- Born: June 24, 1924 United States
- Died: November 26, 2017 (aged 93) Grinnell, Iowa
- Citizenship: United States
- Education: Harvard University Boston University
- Known for: Collembola study
- Awards: Bronze Star Medal
- Scientific career
- Fields: entomologist, speleologist
- Workplaces: Grinnell College
- Thesis: Study of the genus Entomobrya (Entomobryidae, Collembola) (1951)
- Author abbrev. (zoology): Christiansen
- Website: https://subtbiol.pensoft.net/article/22905/

= Kenneth A. Christiansen =

American speleobiologist and Collembola systematist (1924–2017)

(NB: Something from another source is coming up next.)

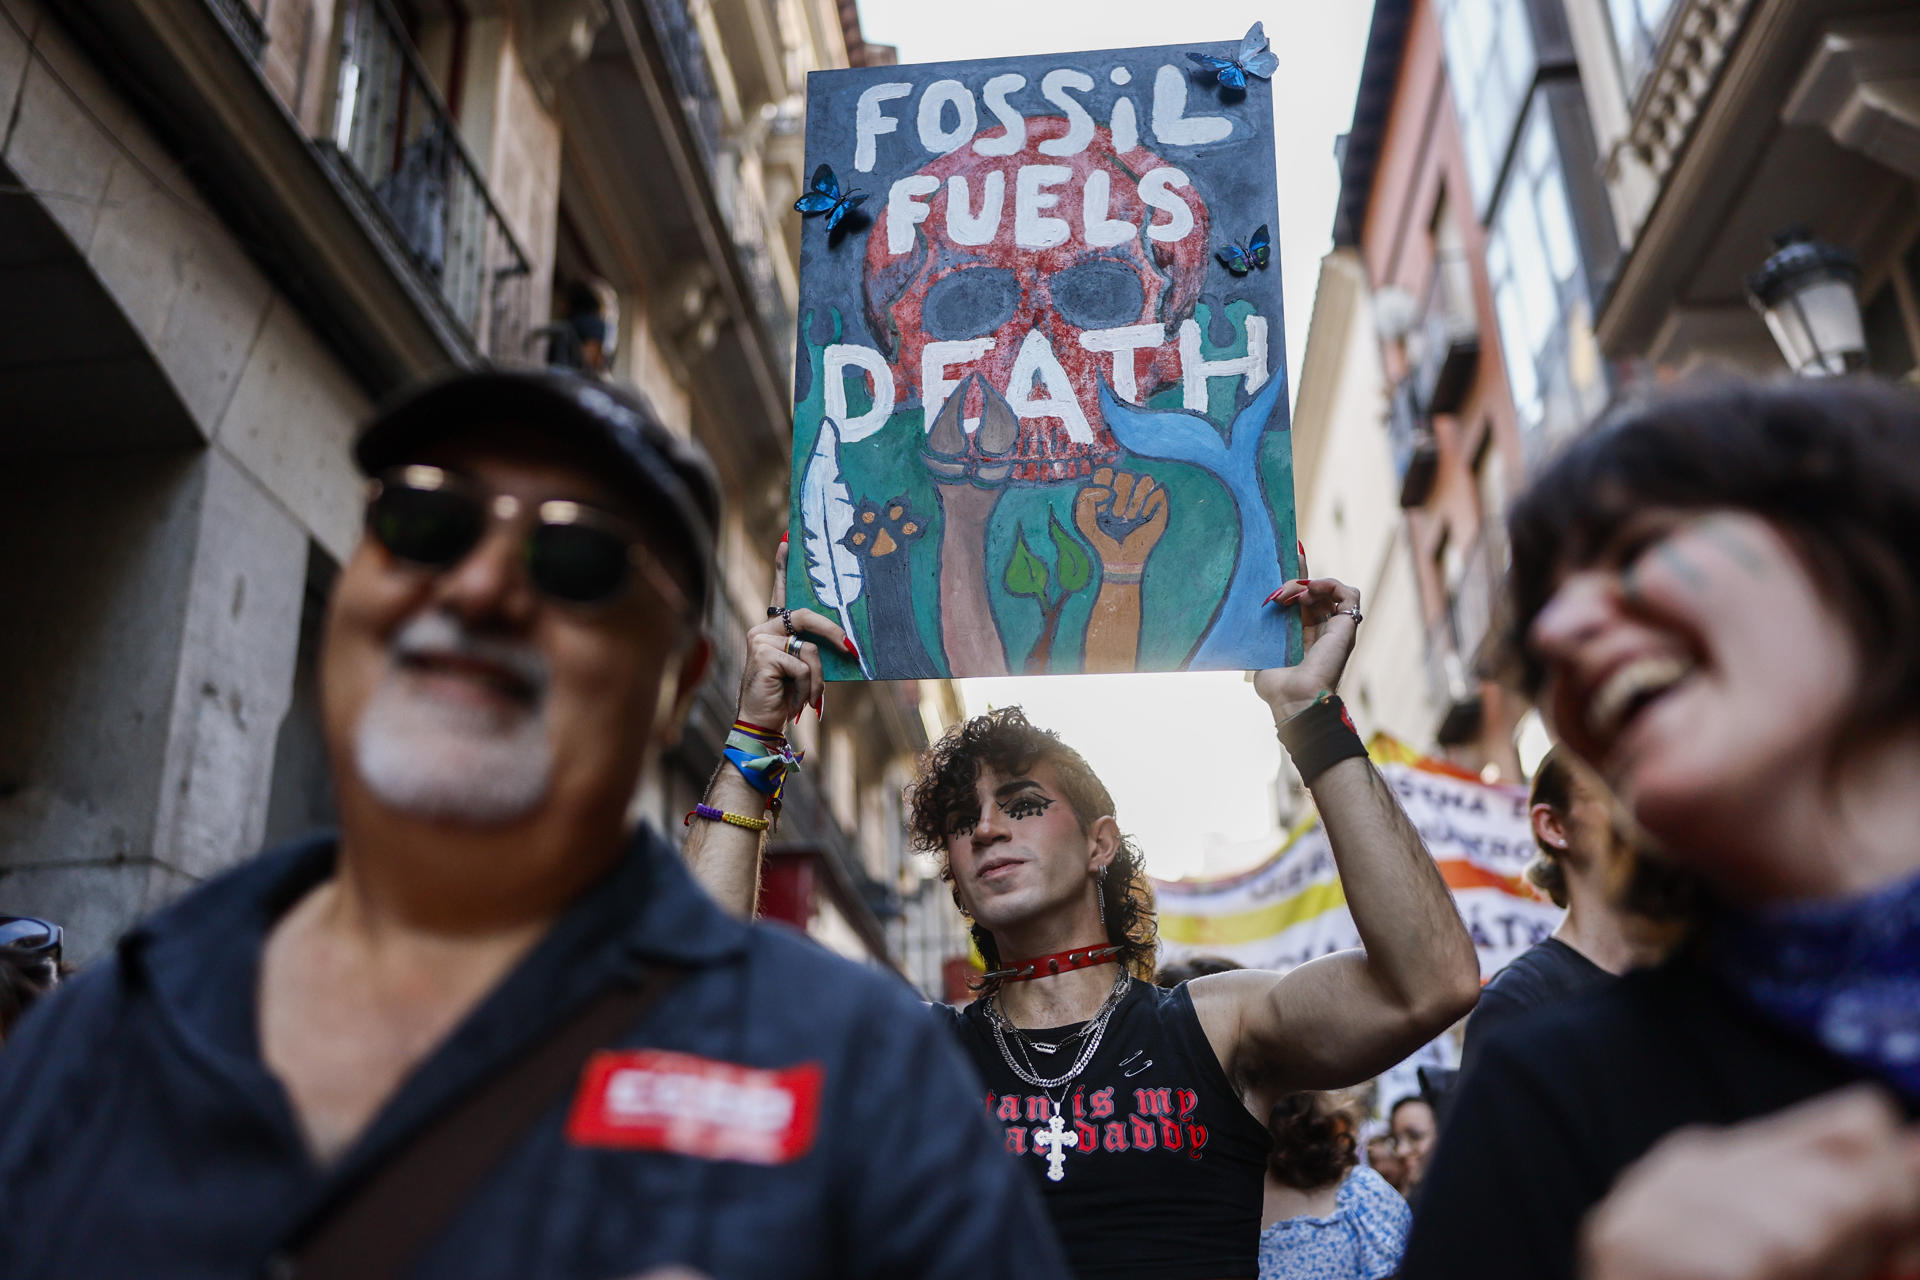 Alianza por el Clima, Fridays for Future-Juventud por el Clima y otras organizaciones medioambientales participan en una manifestación para exigir el fin de los combustibles fósiles de forma rápida, justa y definitiva el pasado viernes en Madrid.
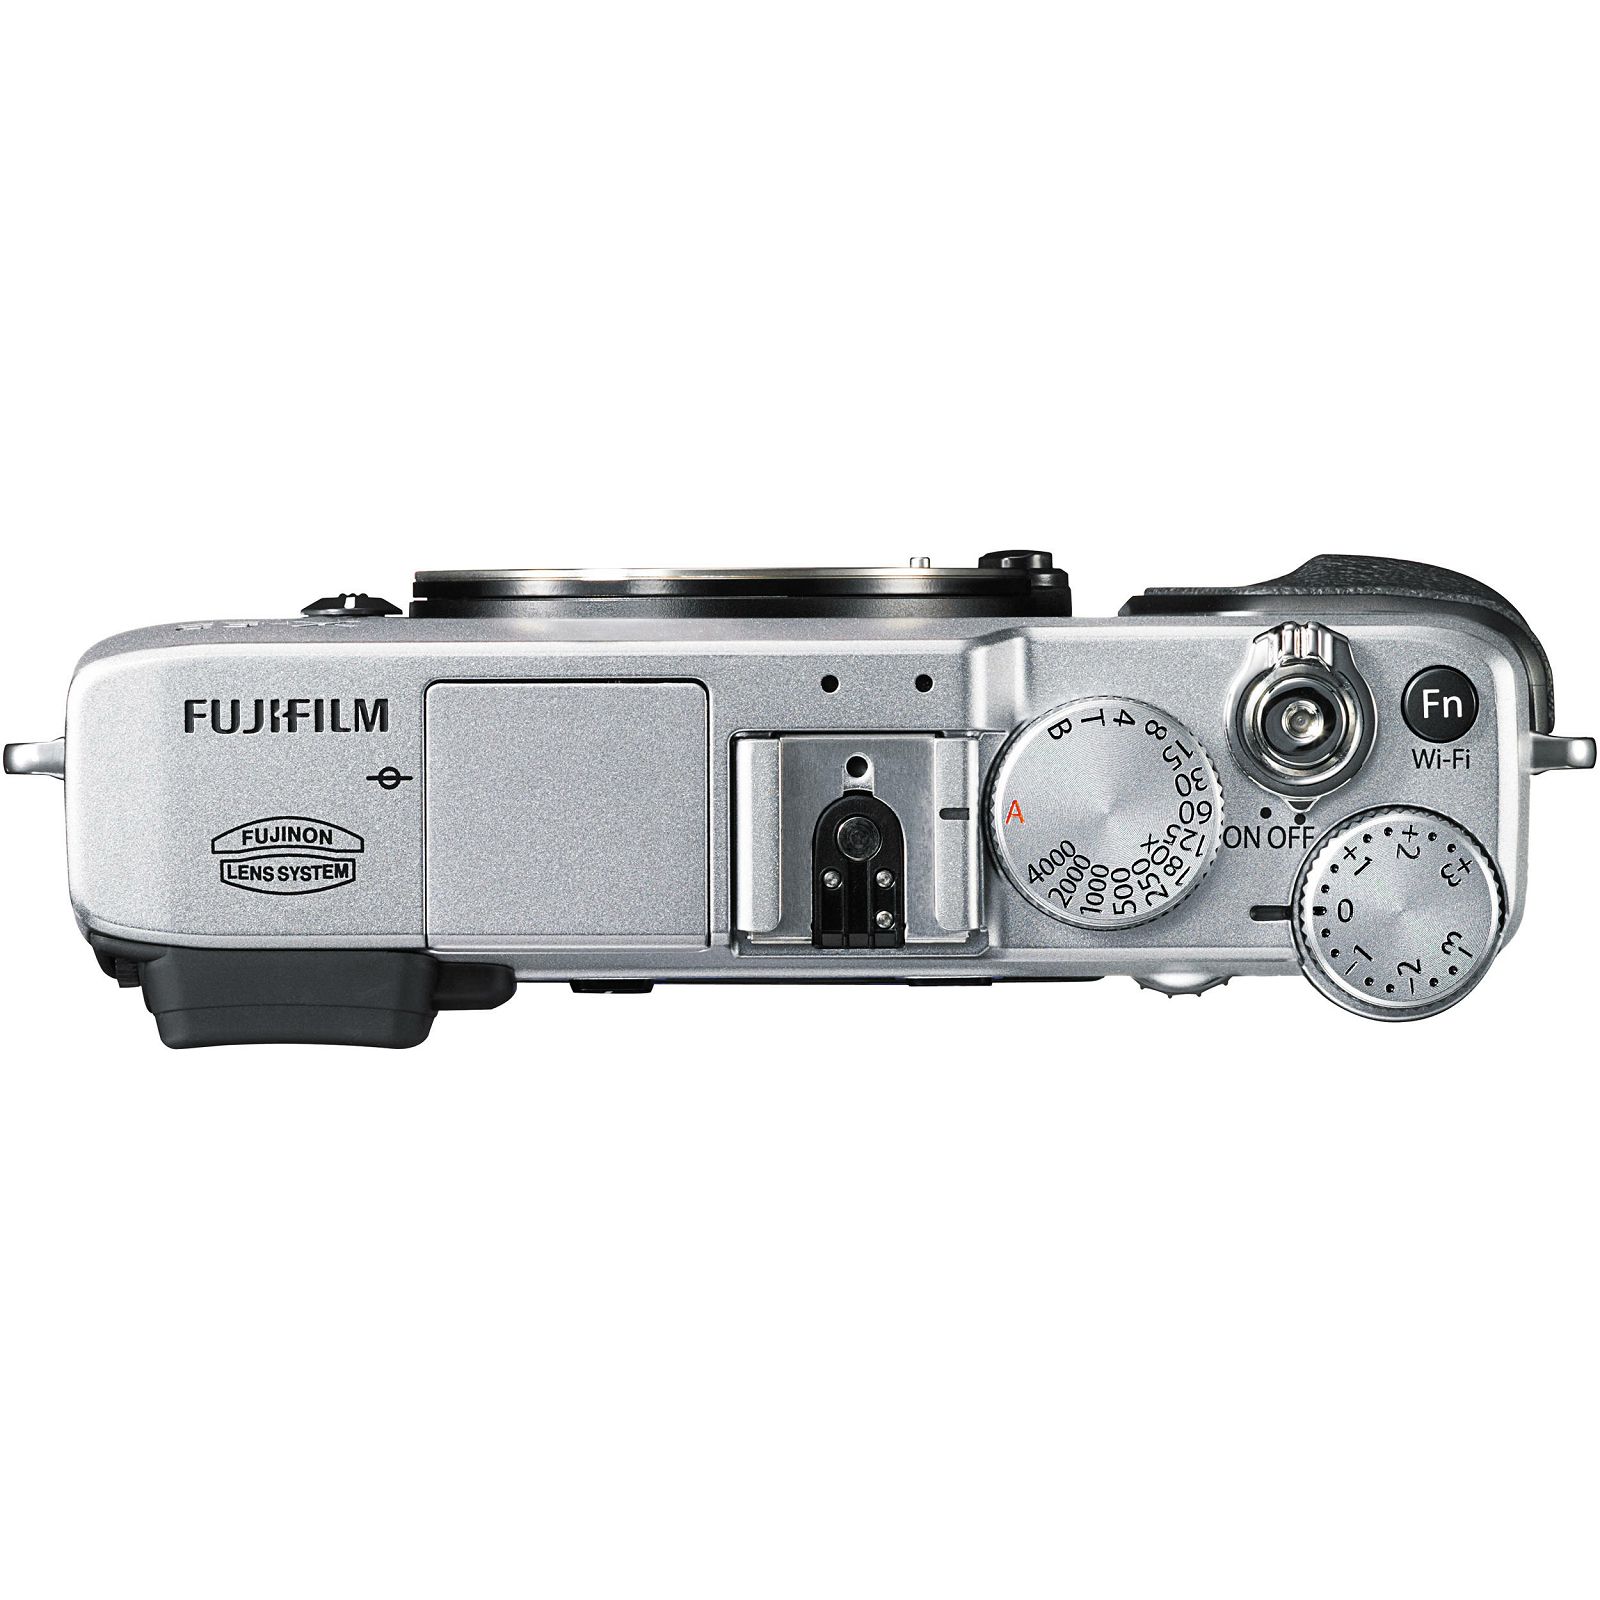 Fujifilm X-E2 Body Silver srebreni Digitalni fotoaparat Mirrorless camera Fuji Finepix XE2

Kenneth А. Christiansen (June 24, 1924 – November 26, 2017) was an American entomologist, speleologist, and systematist of springtails (Collembola), and a professor at Grinnell College.

== Biography ==
He was born on June 24, 1924 .

During World War II, Christiansen served as a forward observer for a mortar platoon in the 2nd Armored Division. Participated in battles in France.

He earned a bachelor's degree from Boston University.

He received his Ph.D. from Harvard University in 1951 for his study of the genus Entomobrya (Entomobryidae).

He began teaching at the American University of Beirut in Lebanon and at Smith College. He frequently traveled to Switzerland for consultations with European springtail experts Gisin and Delamare Deboutteville.

Starting in 1955, he taught at Grinnell College, where he taught courses in general biology, zoology, evolution, ecology, sociobiology, invertebrate zoology, entomology, parasitology, and marine biology.

He was known for his lectures on atheism.

In 1962, he was appointed a professor of biology, and in 1994, he was named a professor emeritus.

His research, starting with his doctoral dissertation, focused on the evolution and taxonomy of springtails. He wrote over 60 articles and two books on the subject.

As a speleologist, he was known for describing nearly 50 new species of cave springtails out of the 60 known species in the United States.

Concurrently, he served on the Iowa Governor's Science Advisory Council (1977–1983 and 1989–1997).

He died on November 26, 2017, in Grinnell, Iowa.

== Awards and honors ==
- Bronze Star Medal with Oak Leaf Cluster — for bravery in battle during World War II.

== Bibliography ==
Key publications:
- Christiansen K. A. Bionomics of Collembola // Annual Review of Entomology. 1964. 9: 147–178.
- Christiansen K. A. Competition between collembolan species in culture jars // Revue d’Ecologie et de Biology du Sol. 1967. 4: 439–462.
- Christiansen K. A., Bellinger P. F. Collembola from Hawaiian caves // Pan Pacific Entomologist. 1974. 16: 31–40.
- Christiansen K. A., Bellinger P. F. The Collembola of North America North of the Rio Grande: 4 volumes. Grinnell College, 1980–1981; Revised Edition, 1998.
- Christiansen K. A., Bellinger P. F. The biogeography of Collembola // Polskie Pismo Entomologiczne. 1995. 64: 279–294.
- Christiansen K. A., Bellinger P. F. Collembola // In Encyclopedia of Insects. Amsterdam: Academic Press/Elsevier, 2003. 235–239.
- Baquero E., Martinez M., Christiansen K., Jordana R. A new genus and species of Entomobryidae (Collembola Entomobryomorpha) from the Iberian Peninsula // Entomological News. 2004. 115: 229–235.